En fait, durant plus d’une trentaine d’années, la démarche du gouvernement en matière de protection de l’environnement a consisté en discours remplis de redondances, «actions-spectacles» médiatisées (au point où des activités officielles étaient retardées parce qu’il n’y avait pas encore l’équipe de la télévision, équipée de sa caméra) et textes juridiques inappliqués. La ministre chargée de l’Environnement a évoqué jeudi soir (au lendemain du Conseil du gouvernement du 14 août 2019), sur le plateau du journal télévisé de la chaîne publique, les difficultés à recouvrer la taxe sur l’enlèvement des ordures ménagères (TEOM), alors que cette taxe annuelle, établie au profit des communes dans lesquelles fonctionne un service d’enlèvement des ordures ménagères, existe depuis 1992. Pourquoi, aucun des ministres qui se sont succédé à la tête de ce département après 1992, à ce jour, n’a pu donner son opérationnalité à ce dispositif fiscal? Ce ne sont pas les cadres de valeur qui ont manqué au secteur de l’environnement.

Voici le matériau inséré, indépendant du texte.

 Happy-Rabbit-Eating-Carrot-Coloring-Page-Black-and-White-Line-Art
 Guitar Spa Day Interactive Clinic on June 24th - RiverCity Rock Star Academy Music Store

Ils ont élaboré, au début des années 2000, un Programme national de gestion des déchets municipaux (PROGDEM) visant l’éradication des décharges sauvages et la réalisation des CET (Centre d’enfouissement technique) dans le cadre de schémas directeurs de gestion des déchets à l’échelle de la commune, et ont mis en place un dispositif national de collecte, tri et valorisation des emballages et autres matériaux spécifiques (appelé Eco-Jem). Le but : élimination écologique des déchets avec valorisation des déchets recyclables. Le PROGDEM a fait l’objet d’une conférence internationale des bailleurs de fonds, réunie au Club des Pins, à Alger, en mai 2003.

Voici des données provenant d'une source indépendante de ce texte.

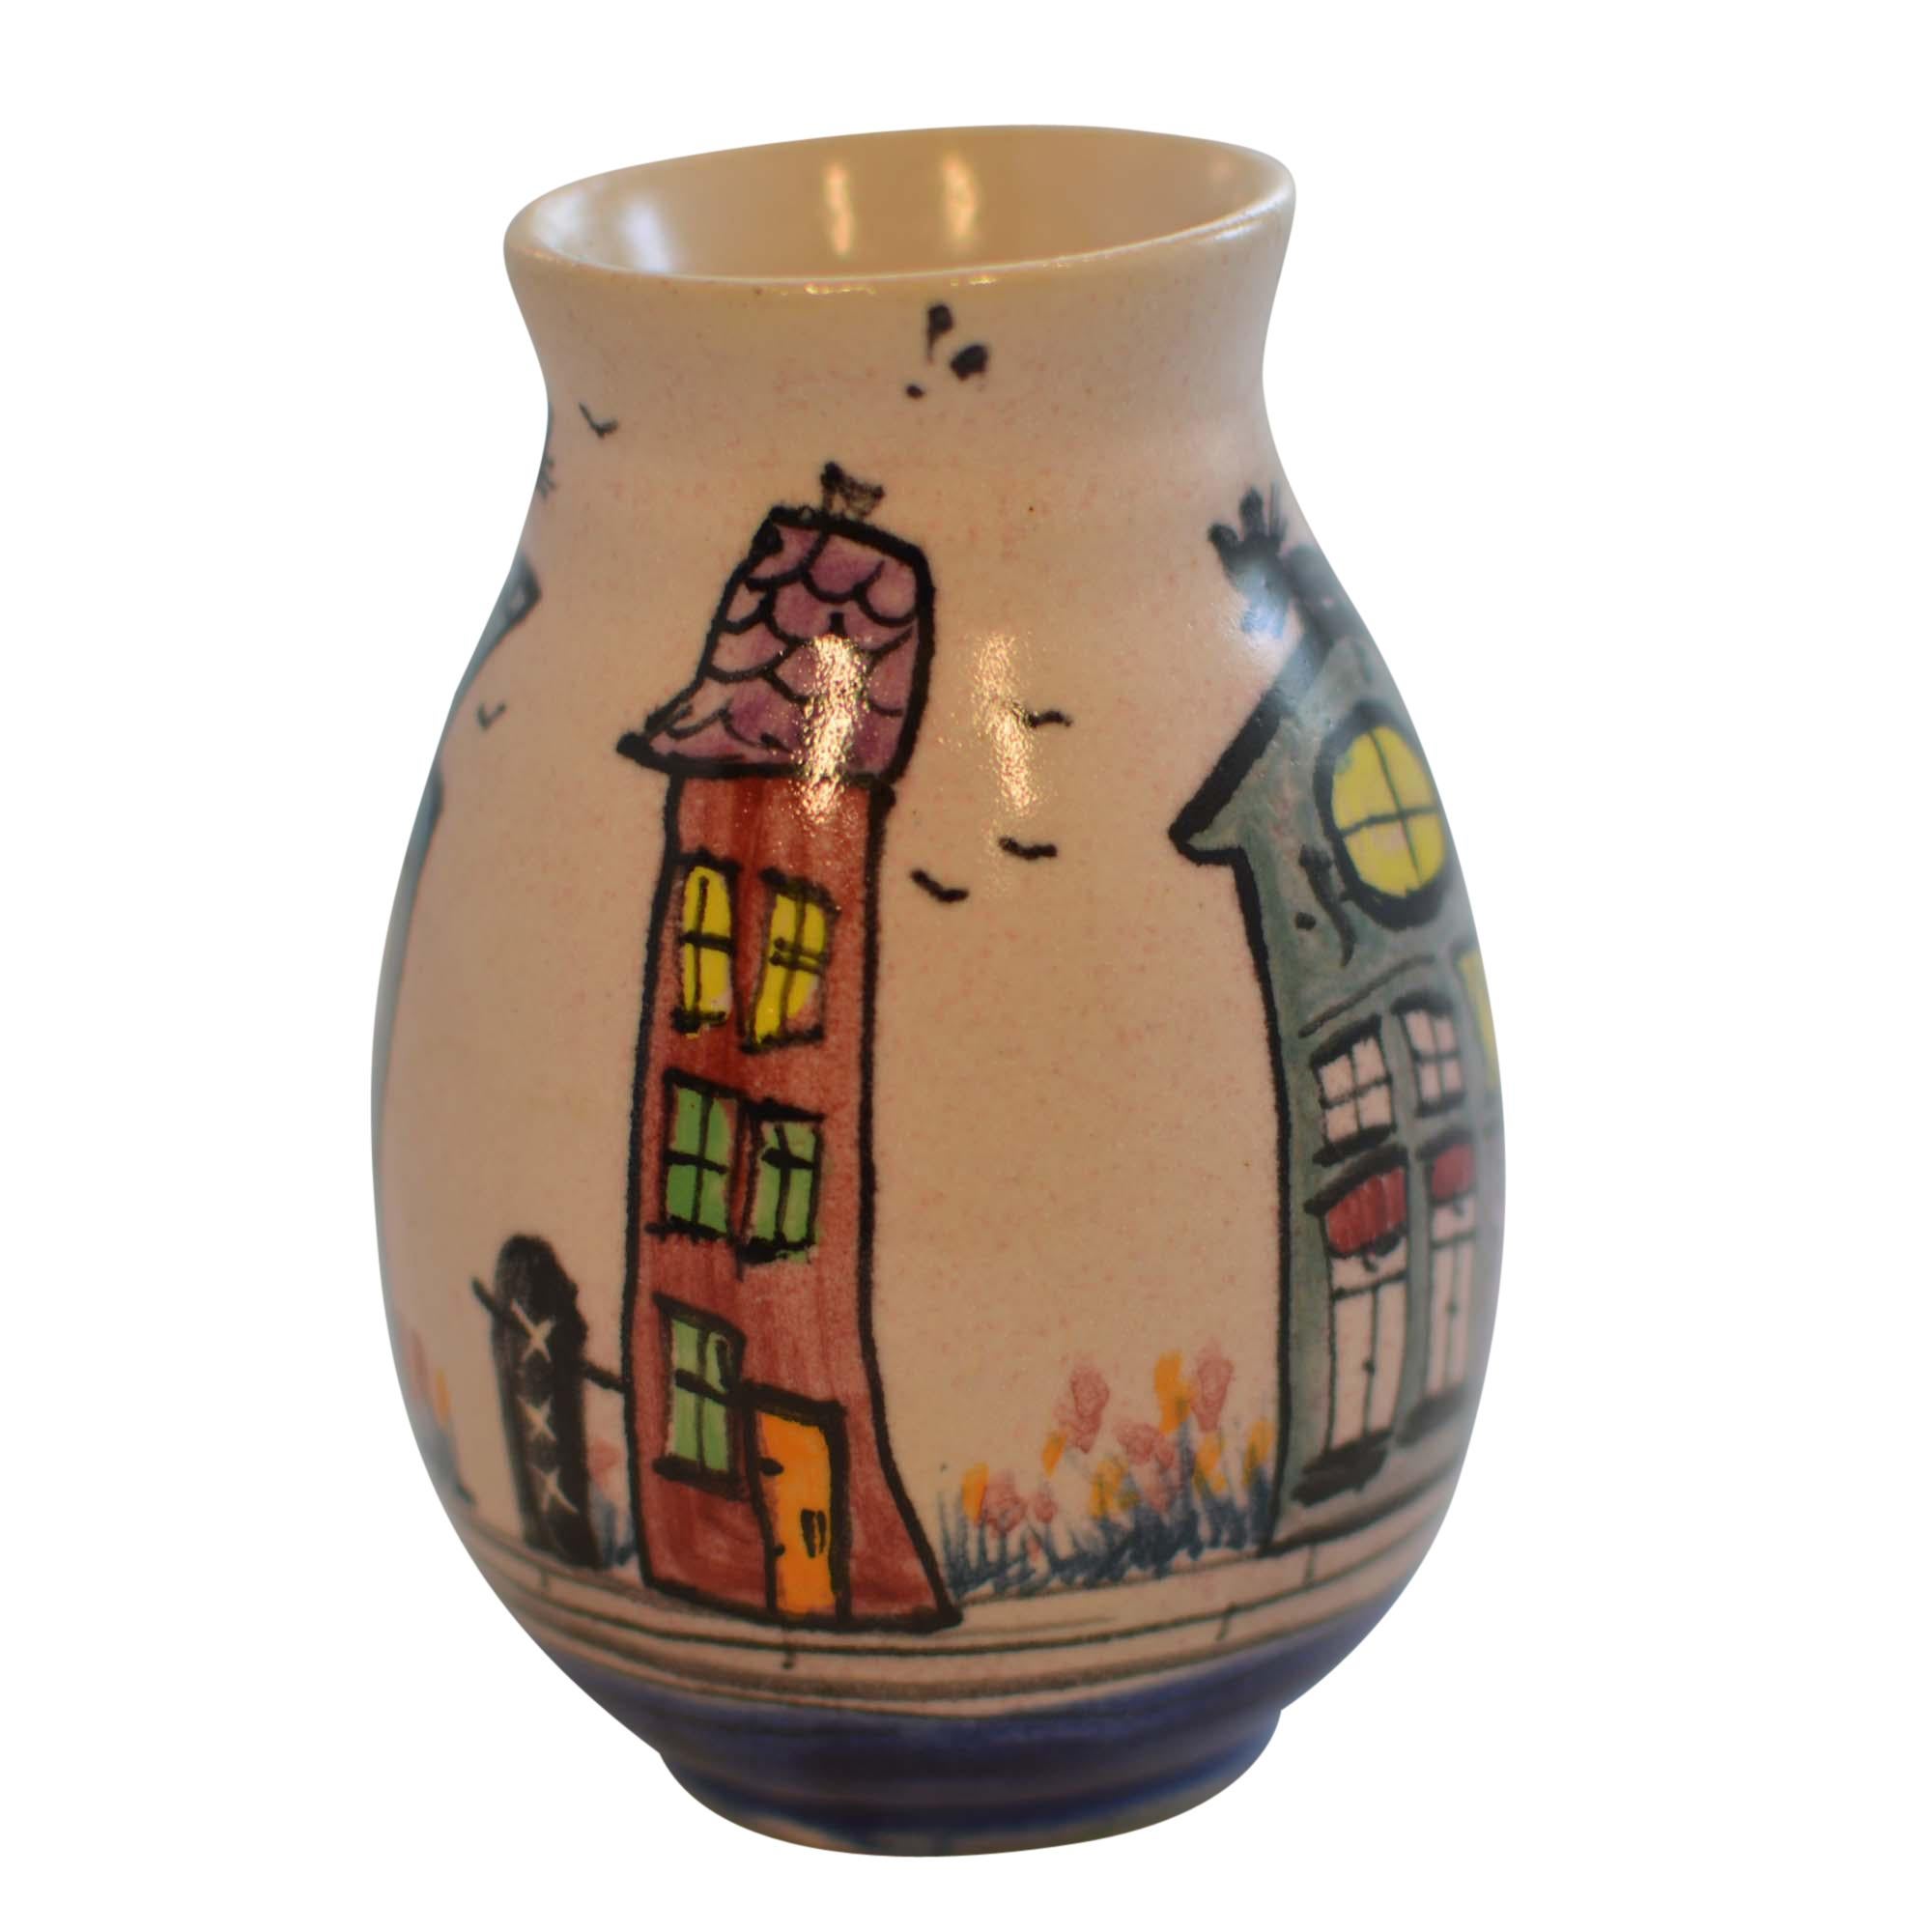 handcrafted bud vase is the work of Anna Maria Preuss. The vase features a scene of hand painted canal front homes with whimsical cats sitting atop homes, one sits on a green house while another is on the blue house. Anna's mark is on the bottom.

La réalité est aux antipodes de cette démarche : n’importe quel terrain abandonné, en n’importe quel point du pays peut être transformé en un clin d’œil en décharge sauvage; les CET sont mal gérés; la TEOM qui finance les services locaux de collecte et de traitement des déchets, n’est recouverte qu’en très faible partie et il n’est pas évident que son produit parvienne aux communes dans des délais raisonnables. Au fil du temps, il s’est créé, tacitement, une sorte de «compensation» entre d’une part, les autorités locales qui décident sur des domaines qui concernent directement le citoyen, sans le consulter, et ne rendent compte à personne, et d’autre part, le citoyen qui se conduit comme il veut (endirou raina, «on n’en fait qu’à notre tête», selon le slogan de certains jeunes manifestants du vendredi et du mardi), assuré de ne pas être sanctionné s’il est en infraction en matière d’atteinte à l’environnement.

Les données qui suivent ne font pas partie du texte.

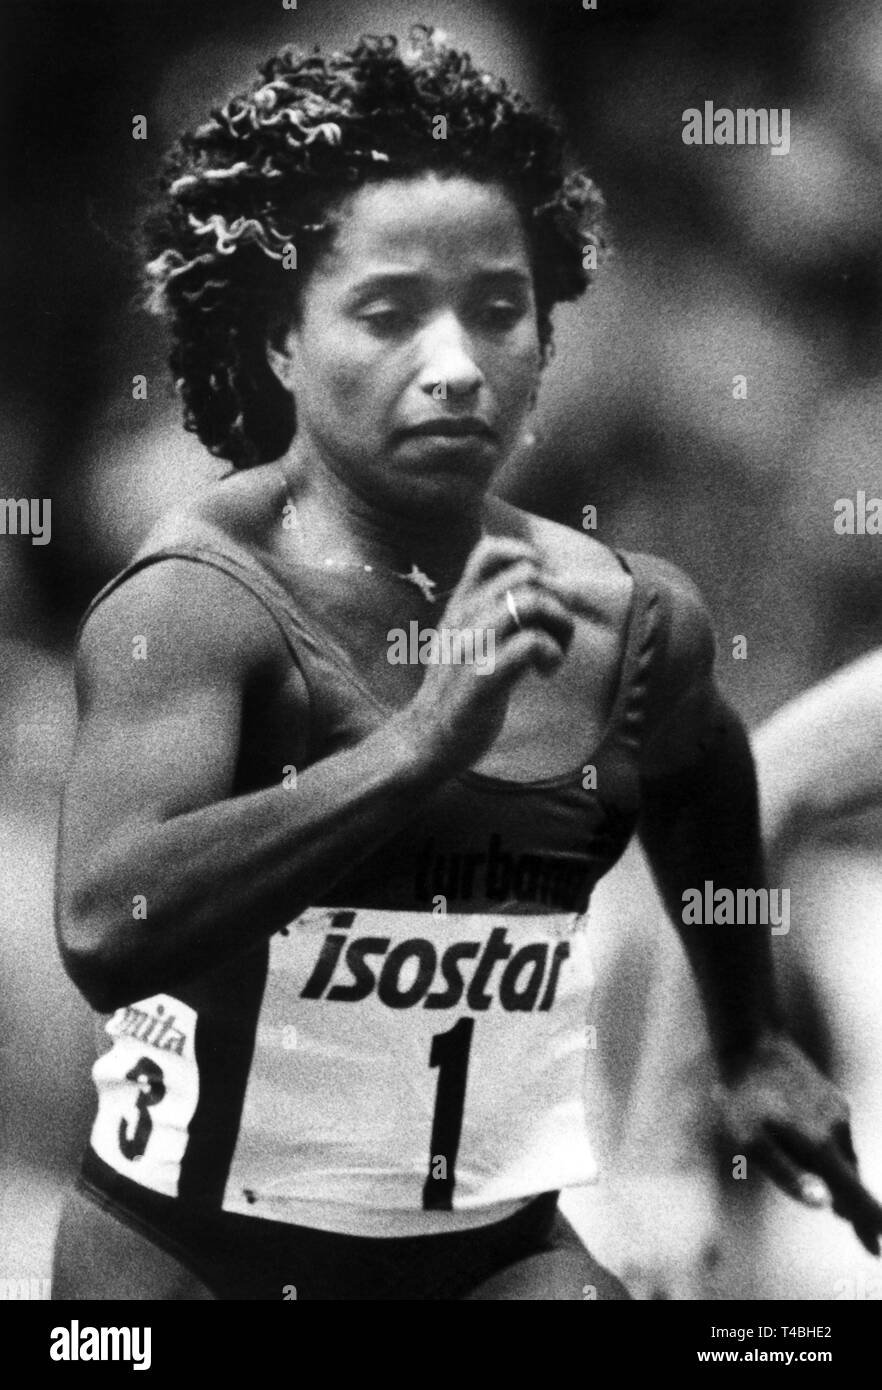 The Netherlander Nelly Cooman won the 2nd place in 60m at the hall-athletics sports festival on 21st February 1990. | usage worldwide Stock Photo

C’est le faux principe de «tout le monde trouve son compte». Personne n’a voulu rompre cet «équilibre», caractéristique du «système» pourtant rejeté dans les slogans des manifestants du vendredi. Ce simple rappel a de quoi alimenter le scepticisme face aux marques d’intérêt pour la protection de l’environnement que veut montrer, actuellement, le gouvernement. Dans ce domaine, rien ne distingue encore, dans les faits, le style d’avant, du style actuel. Ils ont en commun, l’inefficacité. Seulement, aujourd’hui, sur fond de mobilisation populaire permanente, même si elle est inégale selon les périodes et les localités, et d’action anti-corruption menée par le secteur de la justice, fortement encouragé par l’institution militaire, le contexte est favorable aux professionnels de la protection de l’environnement (dont les cadres, ingénieurs et techniciens) qui voudraient, en appui sur les associations écologiques, dépasser l’inertie des institutions. Ils n’ont plus aucune raison d’attendre pour prendre l’initiative d’agir sur le terrain pour, par exemple, freiner la dégradation du cadre de vie agressé de toutes parts (déchets, pollution de l’air, nuisances sonores, eaux usées nauséabondes…).

Cet article a été publié dans La Nouvelle République (Alger) du dimanche 18 août 2019.